§ Task to complete
The lines from the one with "Map of 5th arrondissement of Paris" through the last line of the material below, copied exactly and free of pictures, make up the whole answer.

§ Data extract

※ ※ ※

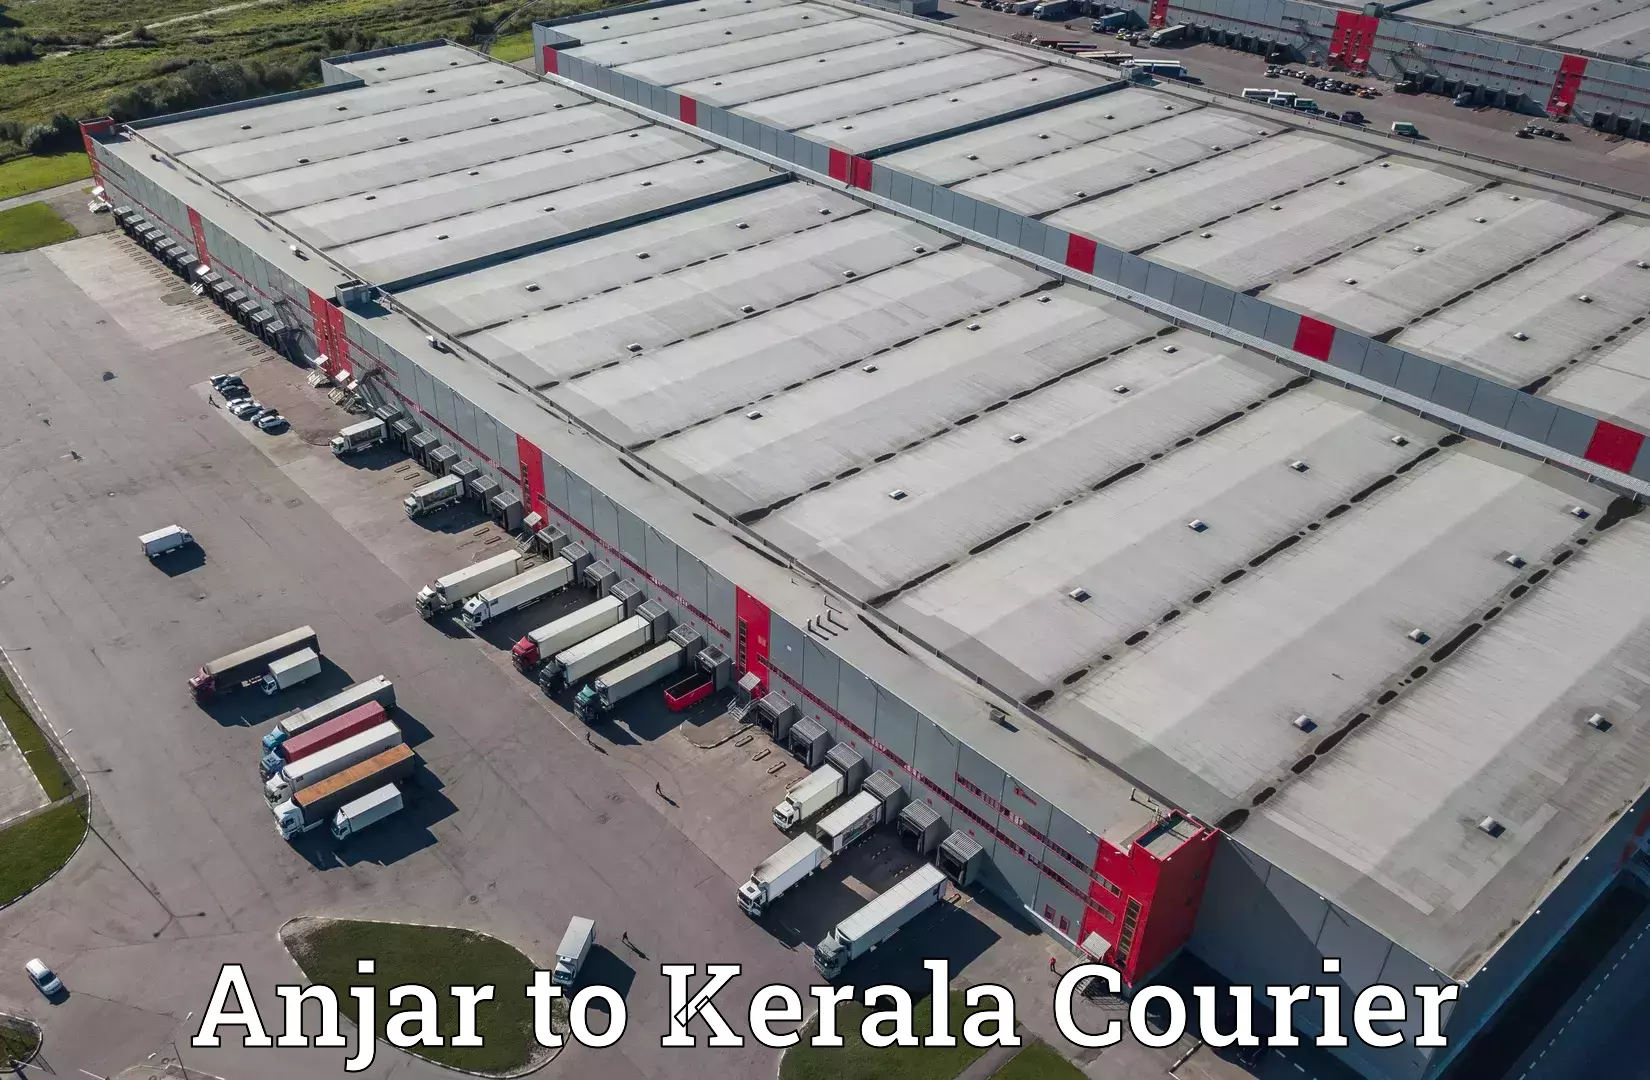 Digital courier platforms Anjar to Kerala
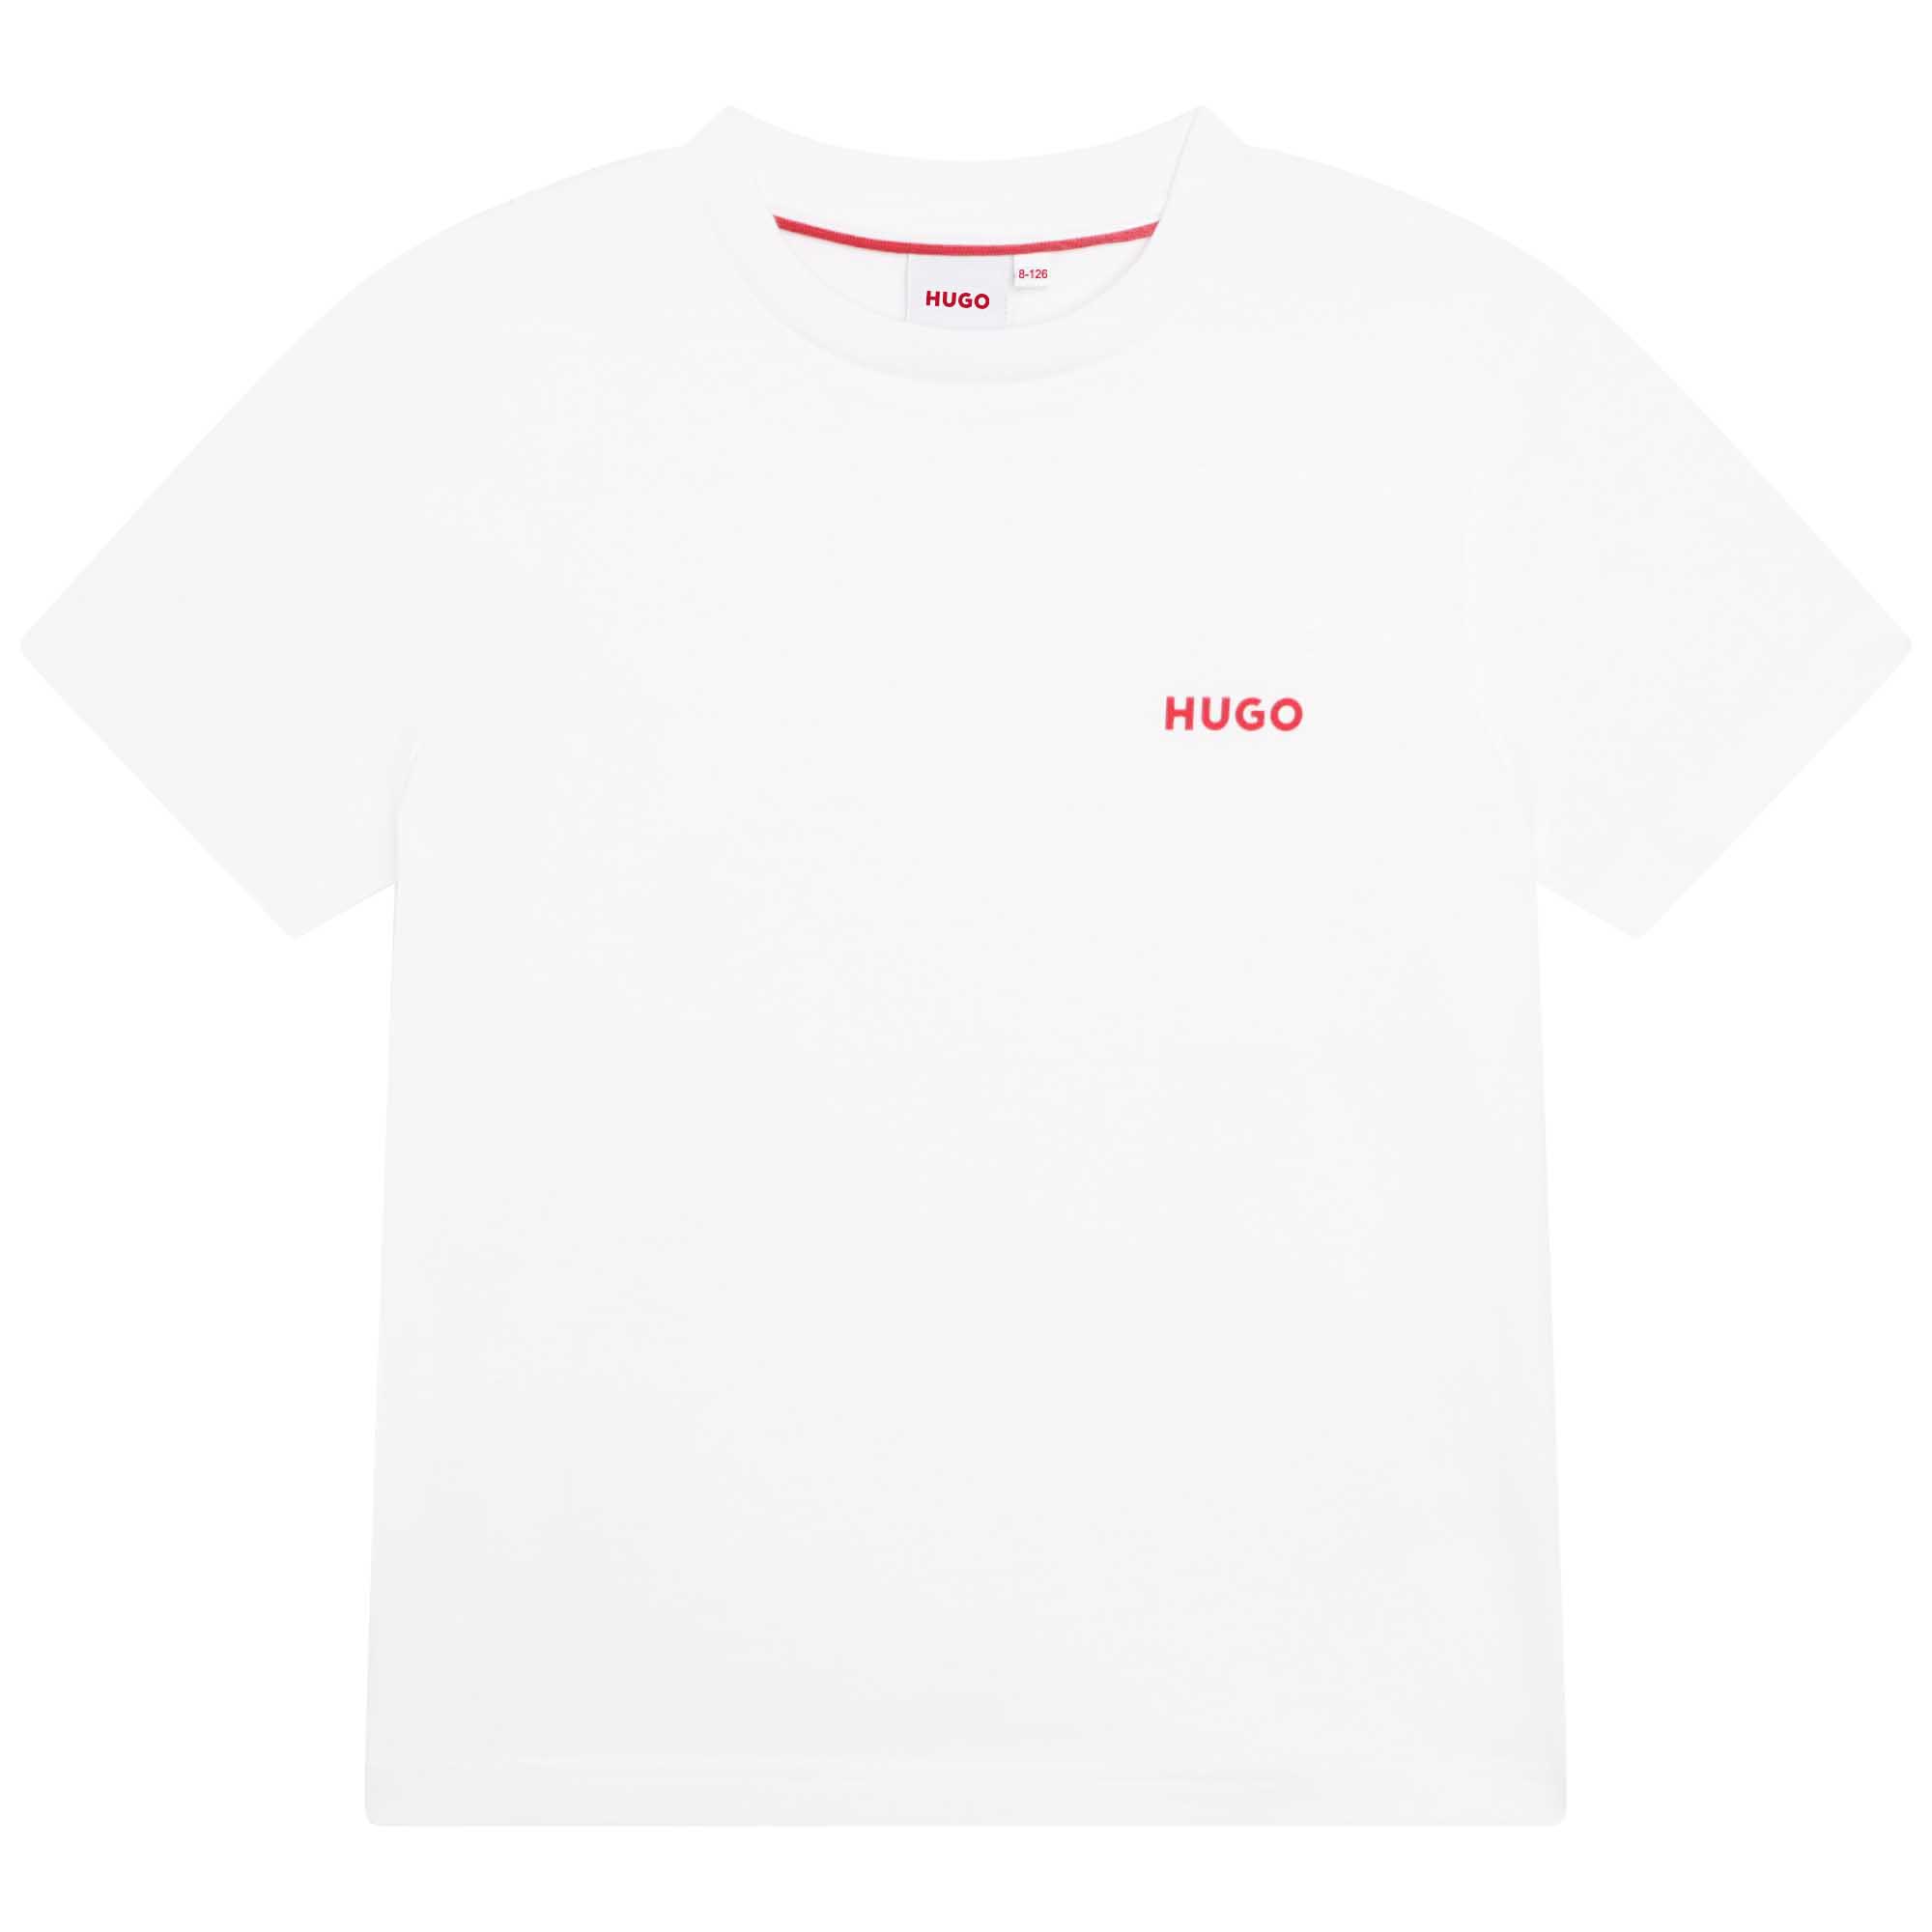 T-shirt met print voorop HUGO Voor
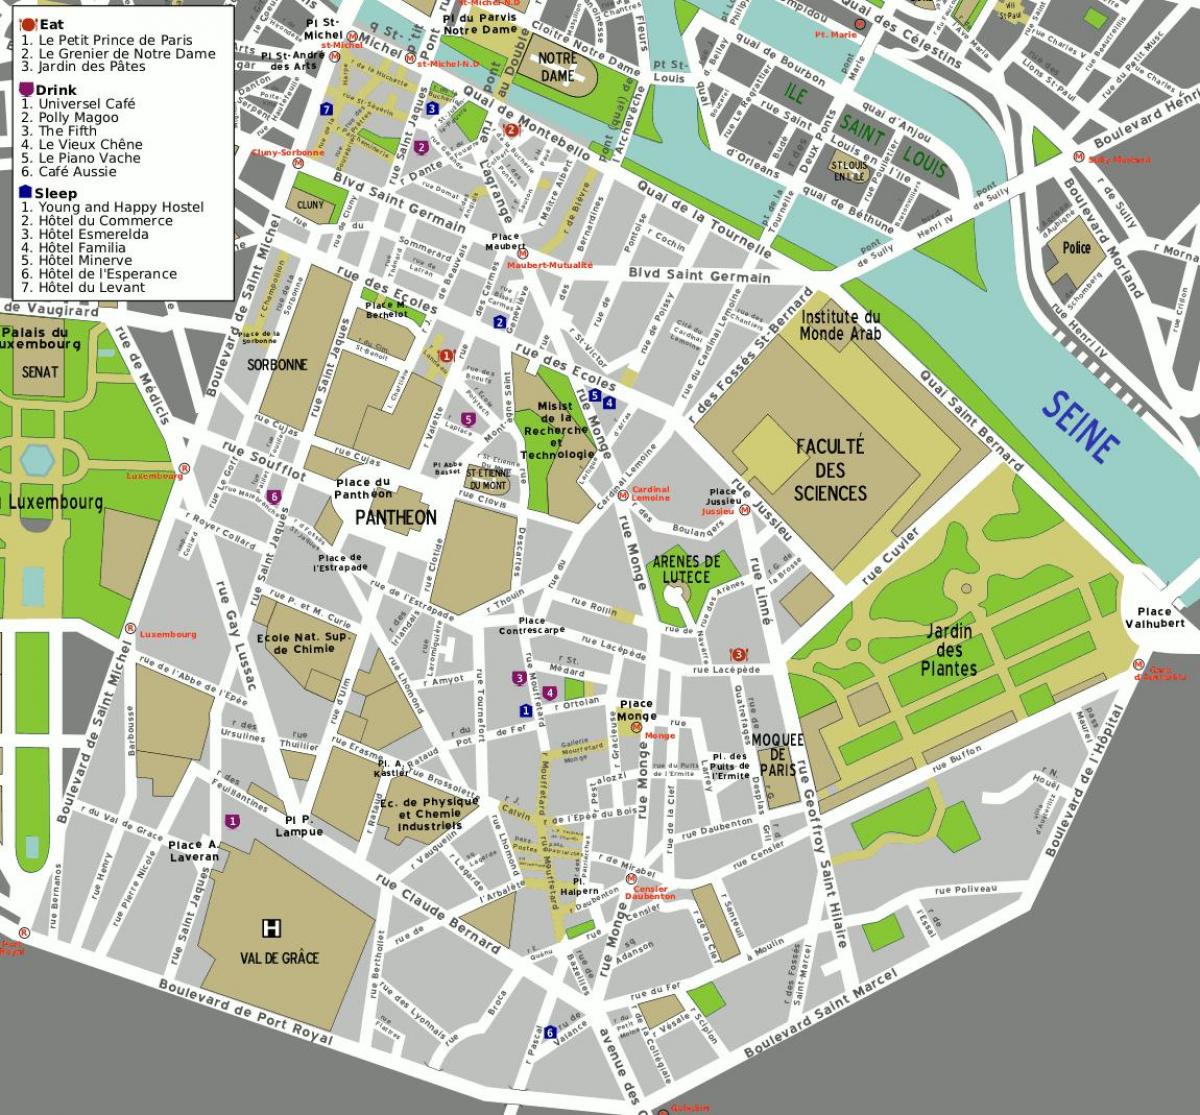 Map of 5th arrondissement of Paris
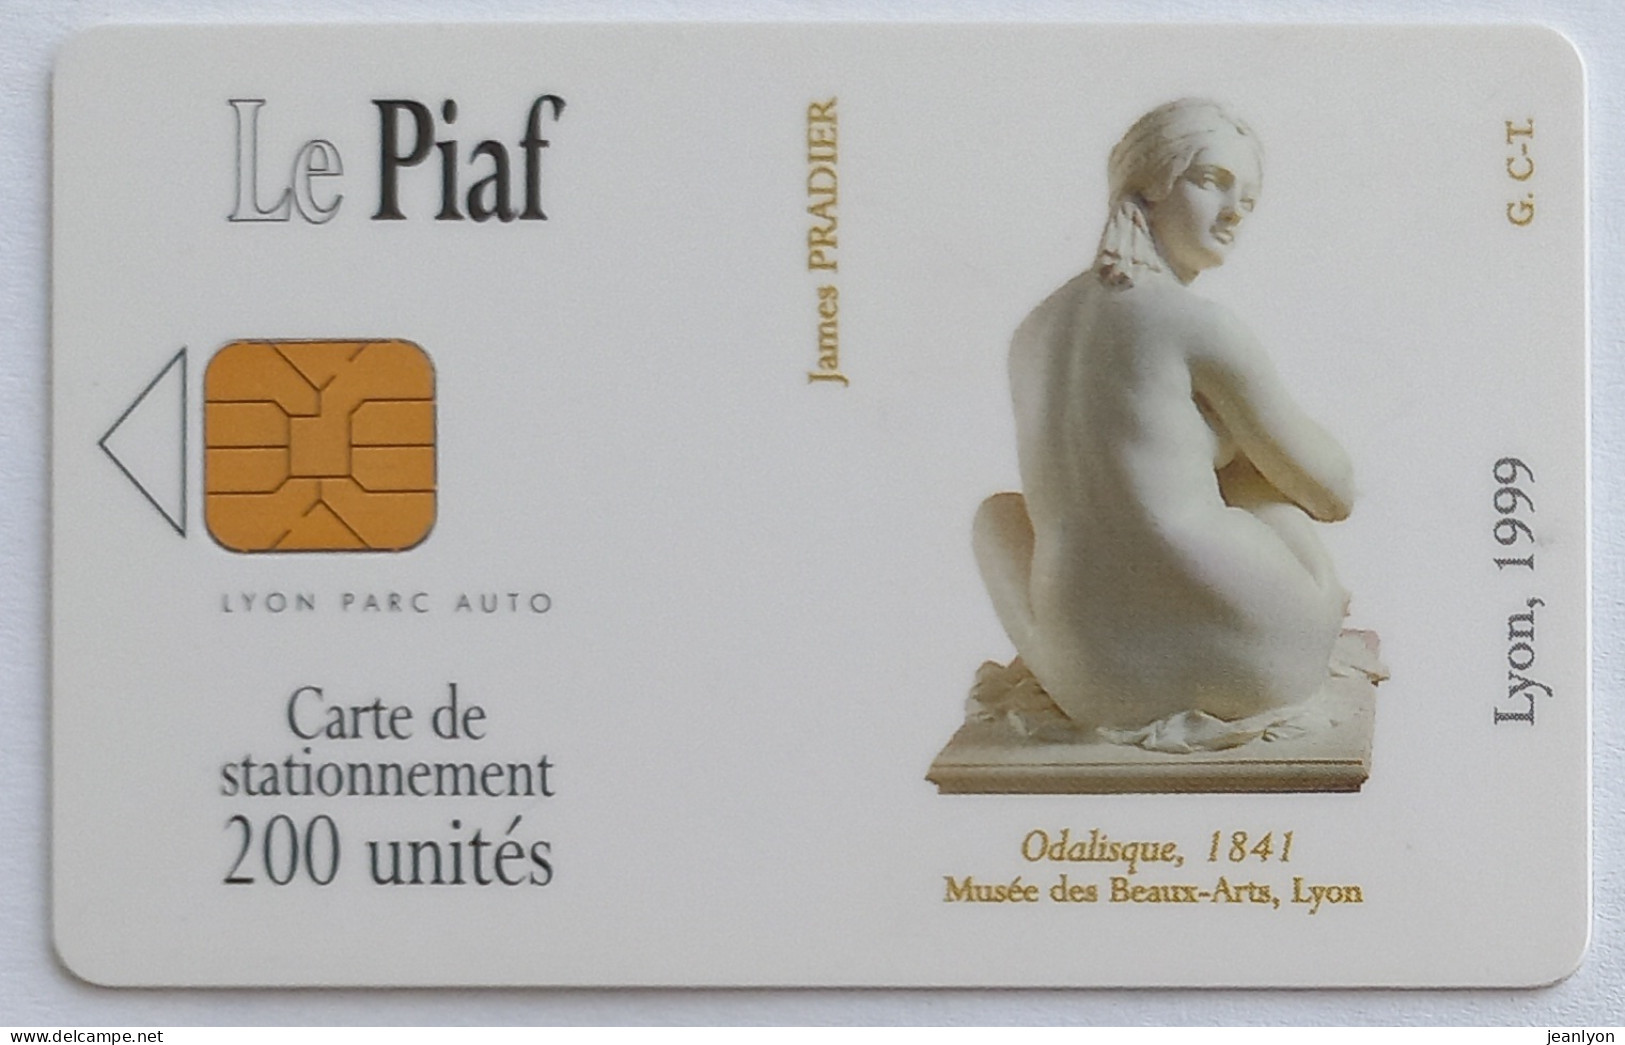 PIAF LYON - Carte Stationnement 1999 - ODALISQUE - Art / Statue - Musée Des Beaux Arts Lyon - Tarjetas De Estacionamiento (PIAF)
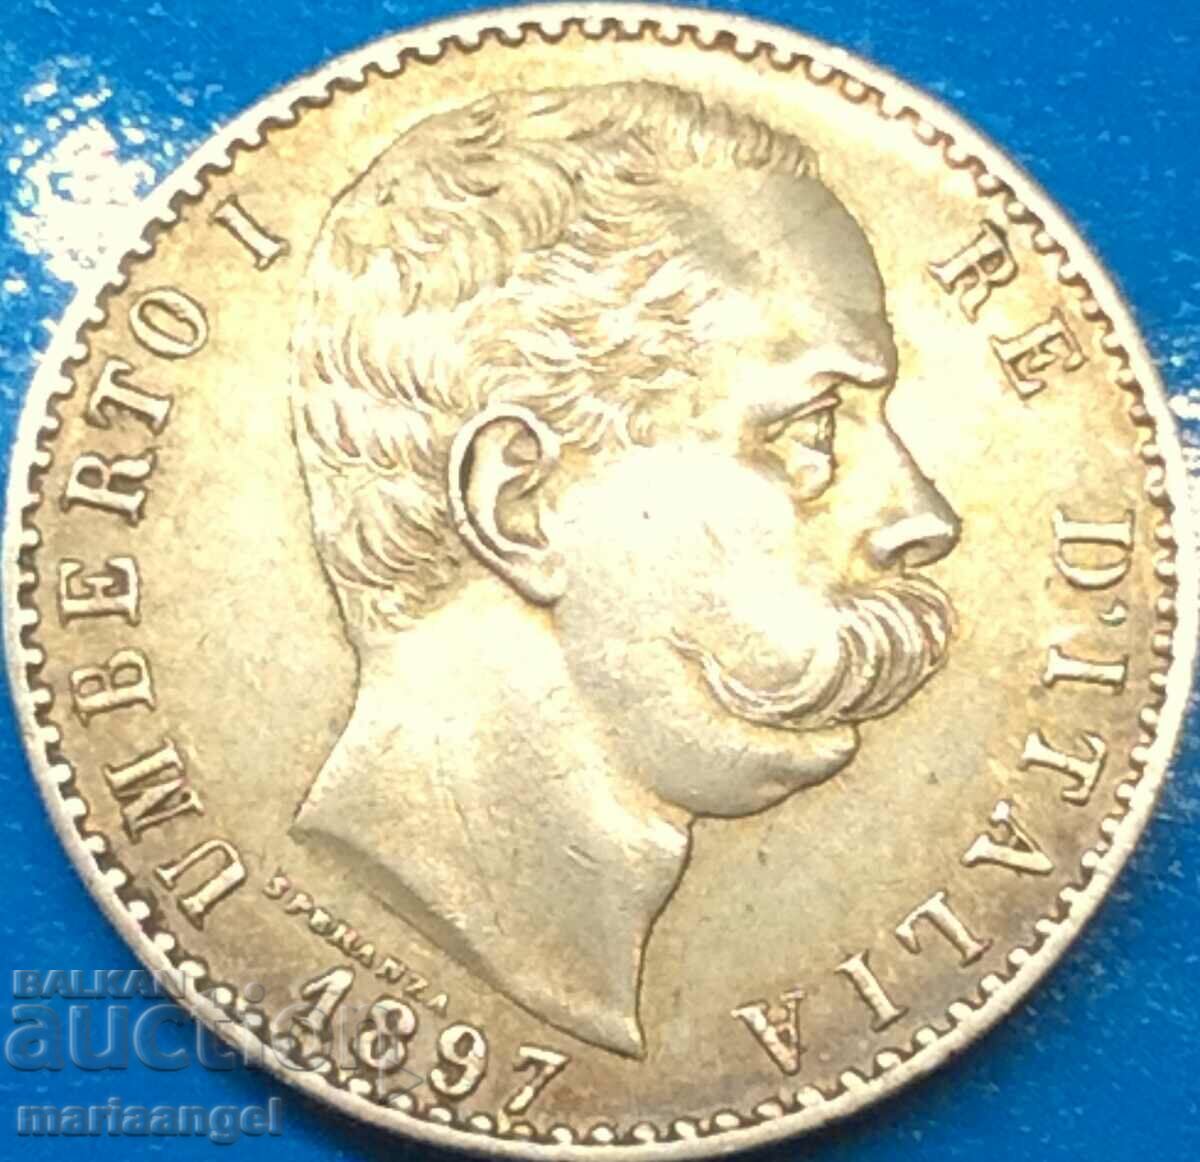 2 лири 1897 Италия Умберто I лека златна патина

※ ※ ※

§ Answer space
 Map of 5th arrondissement of Paris
 PIAF LYON - Carte Stationnement 1999 - ODALISQUE - Art / Statue - Musée Des Beaux Arts Lyon - Tarjetas De Estacionamiento (PIAF)
 2 лири 1897 Италия Умберто I лека златна патина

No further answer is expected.